Round 3: Durkin’s Folly
We went back to playing down for two rounds, this time against a team of kids each rated around 1500. I’m embarrassed to say that this was more interesting that it should have been, but…
On Board 3, Ryan tried the Durkin Attack (1. Na3) because the tournament was giving out prizes to the best games in a few openings, which included the Vienna, the King’s and Queen’s Gambits, and the Durkin Attack. Ryan’s game started with 1. Na3 e6 2. Nc4 d5 3. Ne5 f6 (later, we decided that 2. c4 followed by Nc2 was a better plan). Meanwhile, I had ruined a good position by miscalculating a tactic and had to trade into a microscopically worse rook ending with seemingly no winning chances. It seemed that we were going to have to resort to the bare-minimum 2.5-1.5 win against a team we outrated by 600 points.
But things turned really hairy later, when White tried a last-ditch h-pawn storm on the kingside:
I immediately played 28…Qa2?, which I thought was forcing 29. Rb4 (which he did play).
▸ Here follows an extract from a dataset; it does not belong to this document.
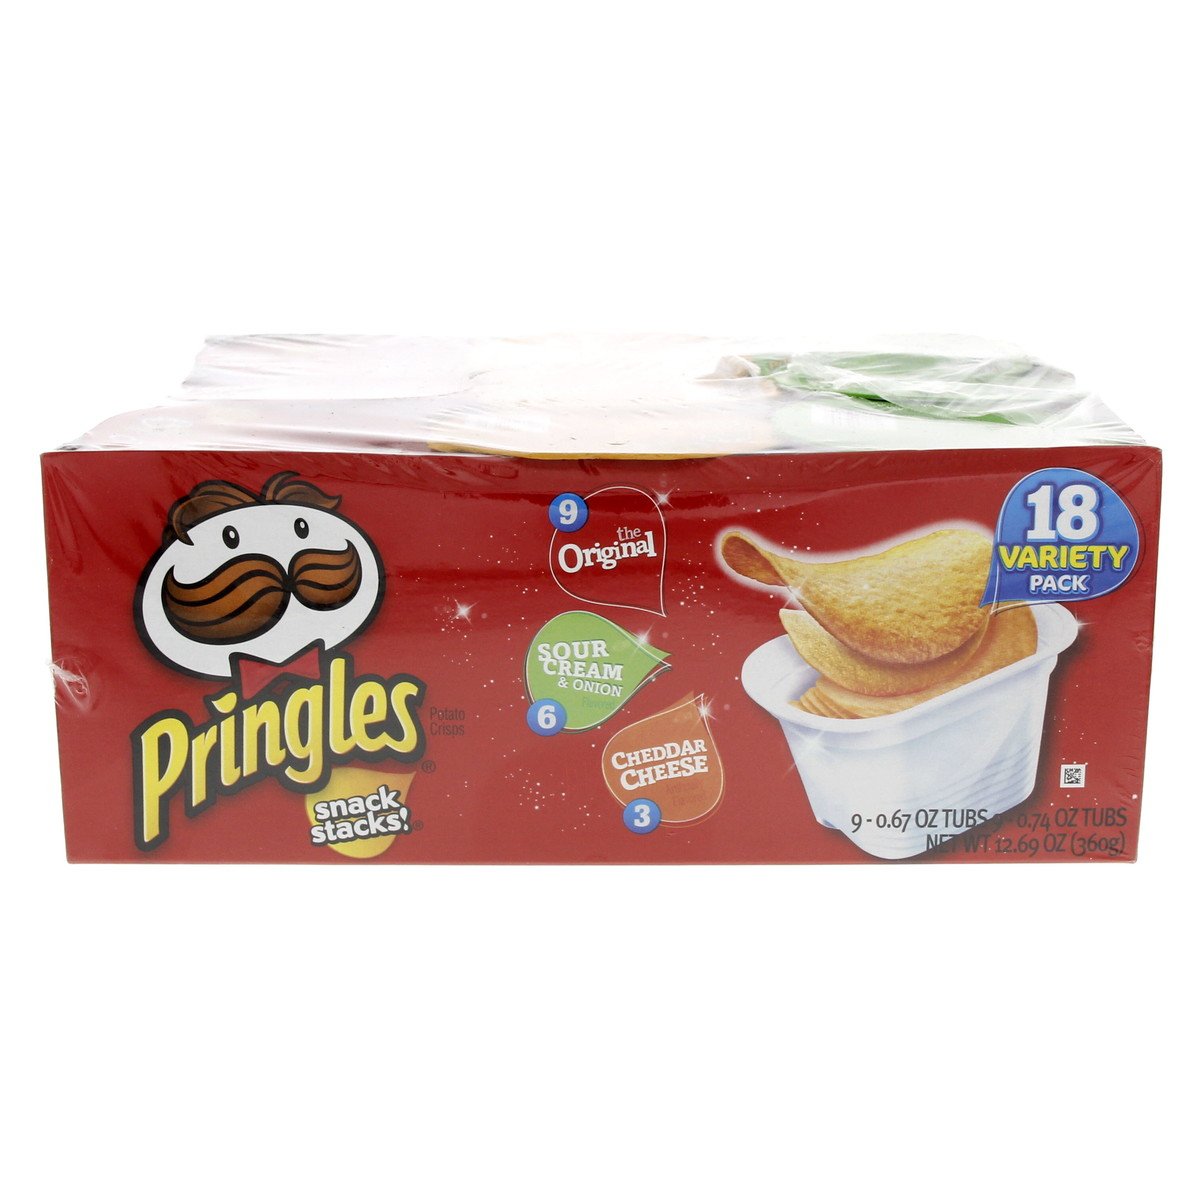 Pringles Snack Stacks variety Pack 21 g

Apparently, 30. Qd1! is good for White, because 30…Qa5 31. b6! threatens Ra1 trapping the queen, and 30…Qa4 31. Ra1 wins the a7-pawn with a winning advantage.
Be that as it may, the game continued 29. Rb4 Be7 30. h6 Rg8?! 31. hxg7+ Rxg7 32. Be5 f6 33. Qxe6, and I made my pre-planned escape with 33…Rxc3 34. Rxc3 Qa1+.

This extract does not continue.